Bitcoin Price Prediction: Where Could BTC Go Next?

For now, the $60,000 level remains the most important area on Bitcoin’s chart.

A successful defense could provide the foundation for a relief rally, especially given the extremely oversold readings seen across several momentum indicators. However, analysts caution that any rebound would need to reclaim key resistance levels before signaling a meaningful trend reversal.

chart shows Bitcoin is consolidating near $60,666 as the broader downtrend persists, with $49,900 identified as the next major psychological support

Bitcoin is consolidating near $60,666 as the broader downtrend persists, with $49,900 identified as the next major psychological support. Source: asilturk on TradingView

If selling pressure continues and BTC loses the $60,000 support zone, technical projections point toward the mid-$50,000 region as the next significant area of interest. Several analysts also identify the broader $50,000 zone as a major psychological support level that could attract long-term buyers.

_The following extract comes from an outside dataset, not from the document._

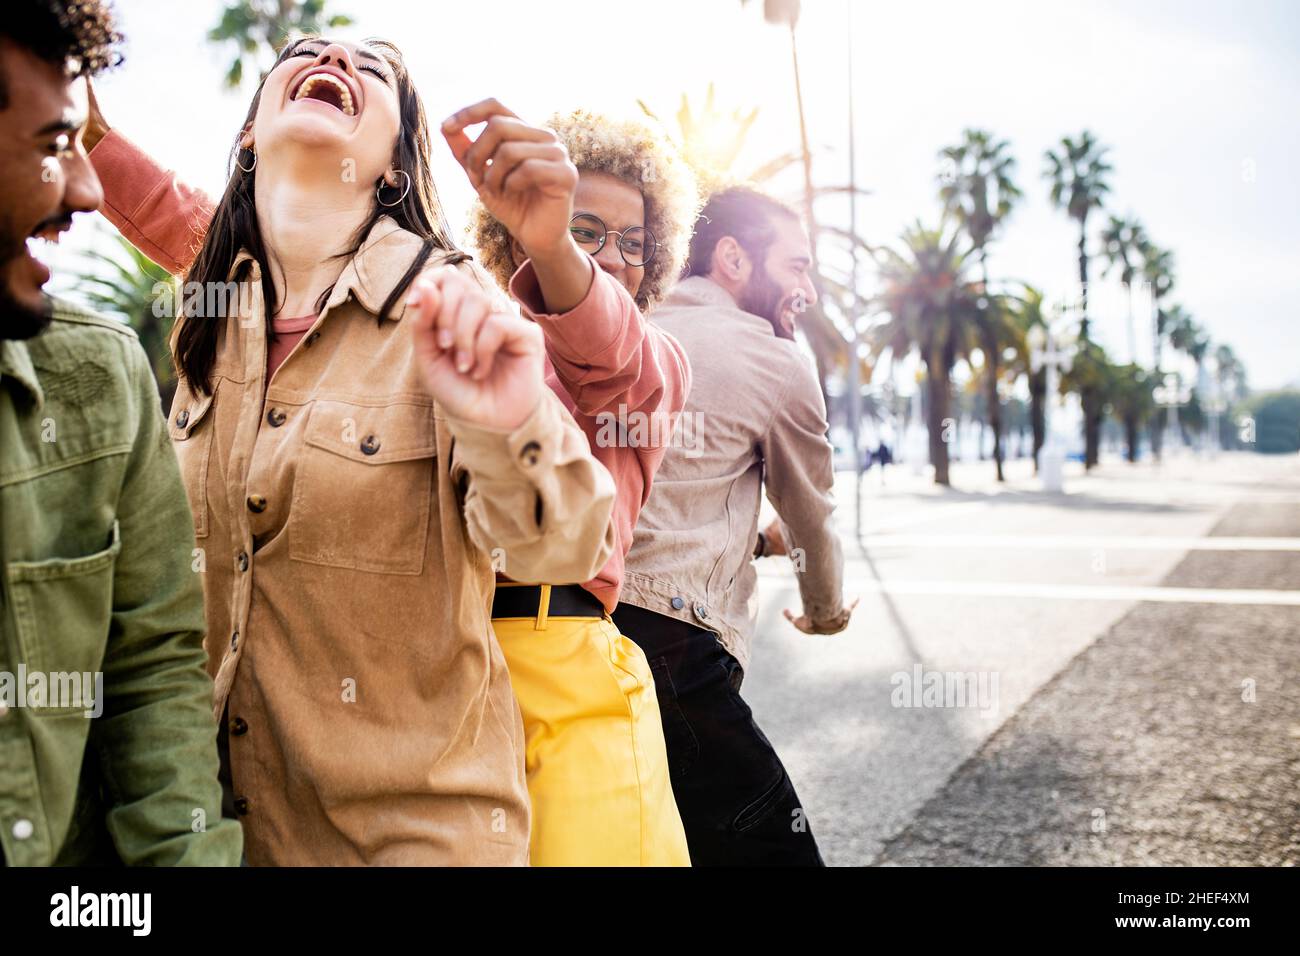 Funny group of multiracial friends dancing twerking in the street Stock Photo

Despite the recent weakness, market participants continue to monitor macroeconomic developments, ETF flows, liquidity conditions, and on-chain metrics for signs of stabilization.

Until Bitcoin reclaims lost technical structure and trading activity begins to recover, the broader outlook remains cautious. For now, the world’s largest cryptocurrency is approaching a decisive test that could shape the direction of the market in the weeks ahead.